# south suburbs



## LeslieM (May 18, 2008)

we are moving to the Athens area and have narrowed our search to the south suburbs. one place we really liked was in Varkiza and we are wondering if many expats live down there and what it's like. it seemed far away but lovely. trade offs? any info is greatly appreciated.


----------



## Costas_GB_and_GR (Oct 24, 2008)

Hi Leslie,

I love Varkiza, in particular I love driving from varkiza to Sounio..what a magic route? Have you even done it under moonlight on a motorbike on on an open top car?

I grew up in Greece and lived there for 21 year prior to moving to the UK. I love Varkiza too, although it has been expanded up the hill and there was a landslide / mudslide in the past few years...so check before you buy..


----------



## Stravinsky (Aug 12, 2007)

Costas_GB_and_GR said:


> Hi Leslie,
> 
> I love Varkiza, in particular I love driving from varkiza to Sounio..what a magic route?

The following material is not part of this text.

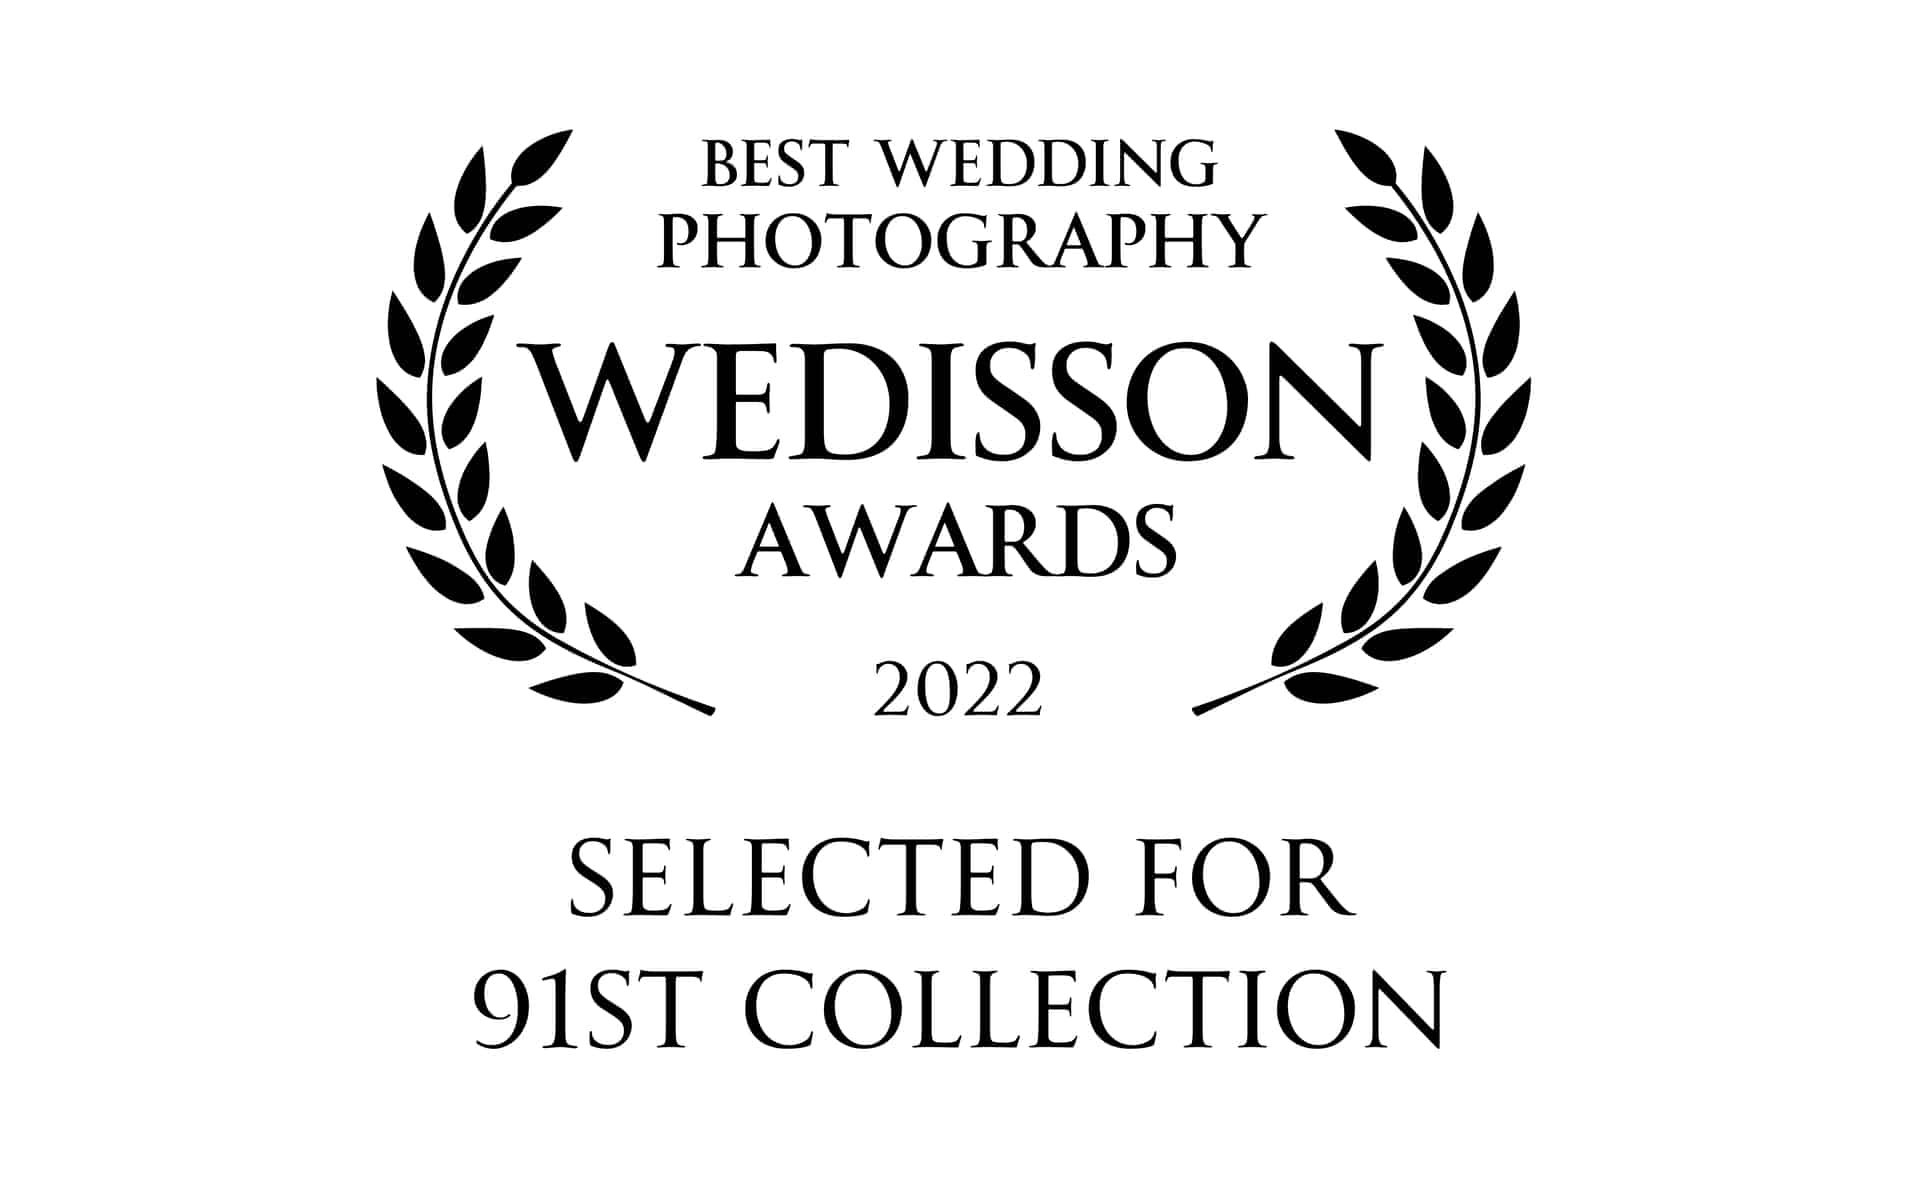 Wedisson Award 2022

Have you even done it under moonlight on a motorbike on on an open top car?
> 
> I grew up in Greece and lived there for 21 year prior to moving to the UK. I love Varkiza too, although it has been expanded up the hill and there was a landslide / mudslide in the past few years...so check before you buy..


Costas, this is the third old thread you have opened up tonight. Could you kindly look at the dates before you post, as the other two were 11 months old and well dead!


----------



## Costas_GB_and_GR (Oct 24, 2008)

Whoppsss!!! I will check next time!


----------